The flaw in all of this is that no one person can transform Nigeria. Only Nigerians can do that, and this was the lesson of last weekend. With a few exceptions, an estimated 49 per cent of the 70 million registered voters (out of a population of 170 million) exercised great patience and restraint at the 120,000 polling stations across the country, a lesson not lost on observers. One of them, Chitra Nagarajan, wrote in the Guardian:
In every single polling unit I visited, people waited for hours without food or water. Temperatures reached 38C... At one unit, I spoke with women who had been waiting for nine hours, and expected to hear their complaints and frustration. Instead, they spoke about how excited they were and how fun they were finding it all: ‘We are exercising our civic responsibility,’ they said. ‘We don’t get the chance to do this every day.’ This joy at being part of the democratic process was something I encountered everywhere I went.

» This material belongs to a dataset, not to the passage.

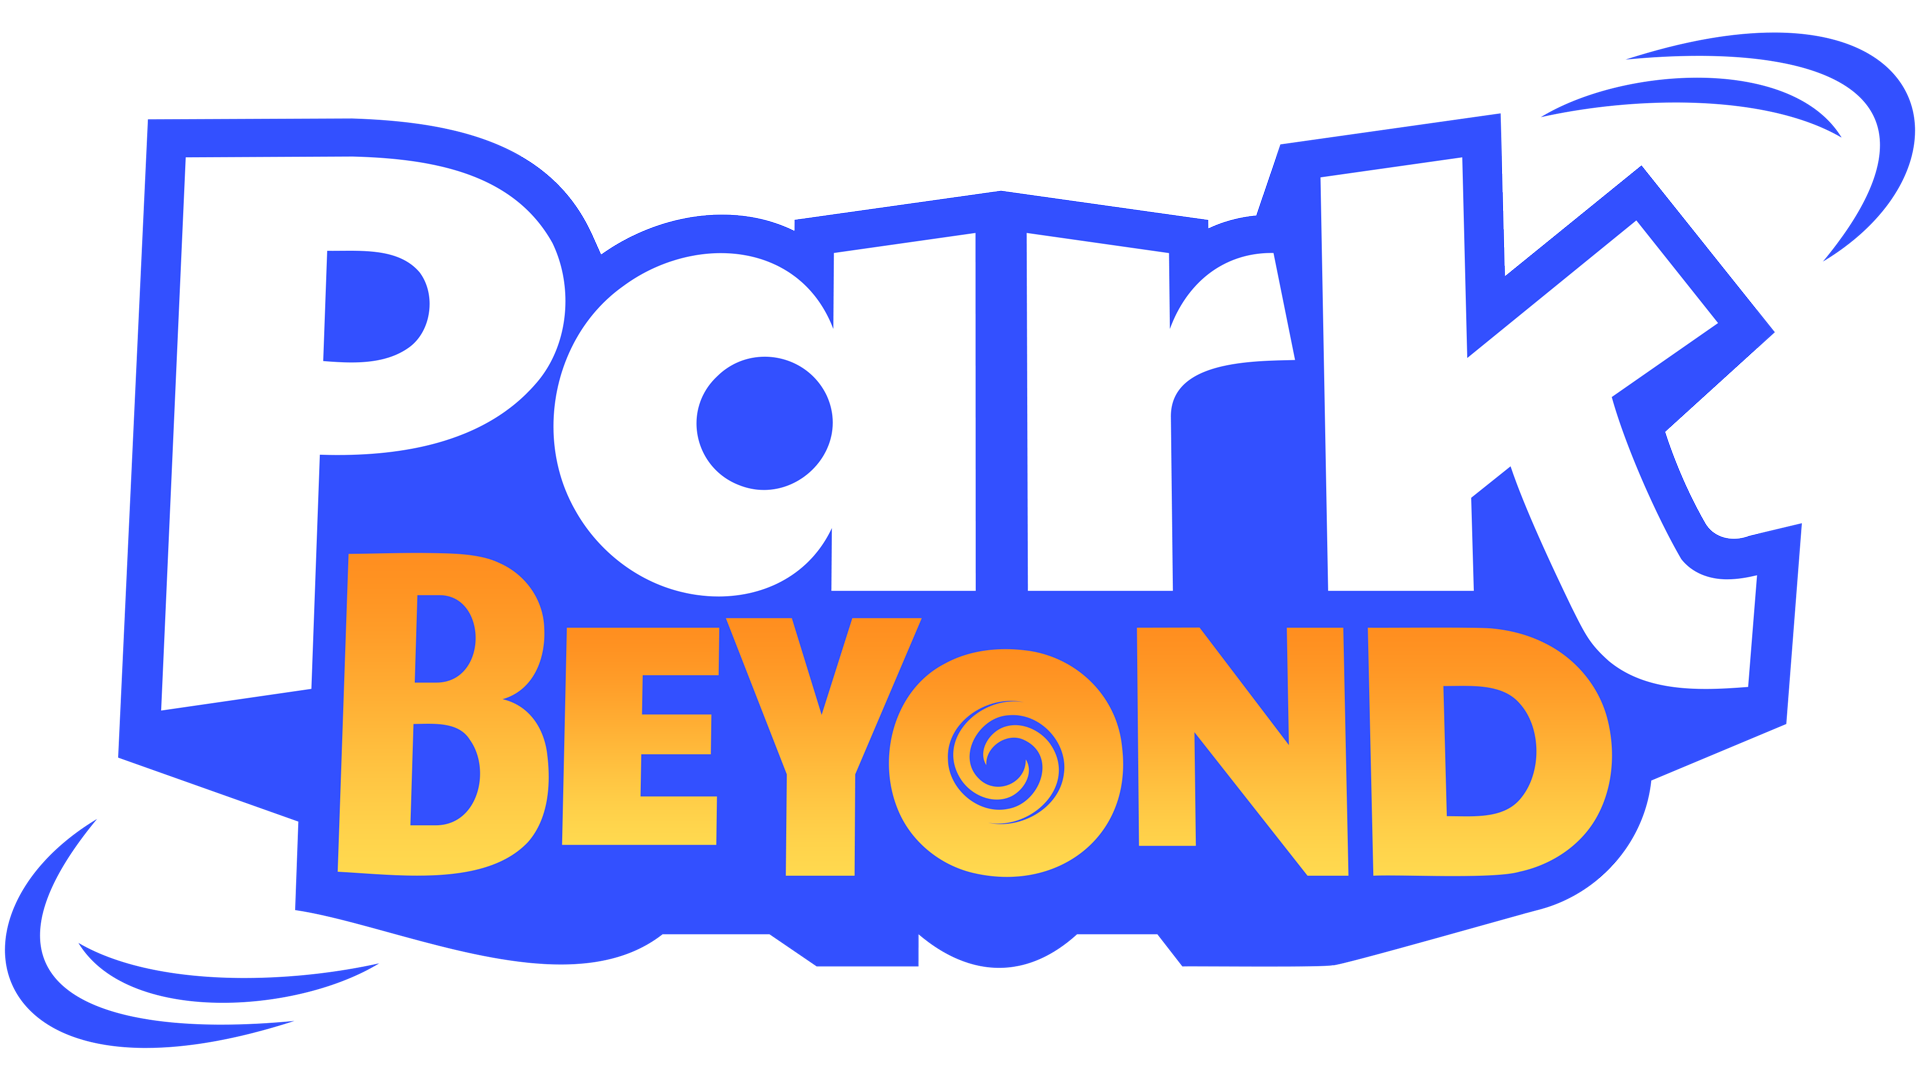 Rencontrez Giles Hemlock, le glacial homme d’affaires du jeu vidéo de gestion de parcs d’attractions : #ParkBeyond !

This set the tone for the next three days. Monday and Tuesday became unofficial public holidays as people stayed indoors to follow the results as they were announced in one after another of the 36 states and the Federal Capital Territory, Abuja. People remained calm but hopeful that their mandate would prevail, and so it was on Tuesday evening when we heard the news that Jonathan had telephoned Buhari to concede defeat. In a subsequent statement Jonathan thanked Nigerians for giving him the opportunity to serve them, and ‘affirmed’ his belief that ‘nobody's ambition is worth the blood of any Nigerian. The unity, stability and progress of our dear country is more important than anything else.’
I don’t believe he would have imagined behaving so graciously six weeks ago, when he postponed the ballot (scheduled for 14 February) in order, he claimed, to deal with Boko Haram and thereby ensure free elections in the three affected states in the north-east. But the ploy worked against him: why had he prevaricated so disastrously over the past four years? He rose to the occasion, in other words, because Nigerians demanded it of him, just as the chair of the Independent National Electoral Commission, Attahiru Jega, was given the popular mandate to do his job and is now a hero, more so in some ways than Buhari.
A former US ambassador to the country, John Campbell,wrote a book on Nigeria a few years ago subtitled ‘Dancing on the Brink’. We have indeed been dancing on the brink since independence from British colonial rule in 1960. With this election, it is as if we have suddenly woken up to the disaster we have been courting since independence and are now ready to take ourselves seriously as a nation frequently described as too rich to be poor.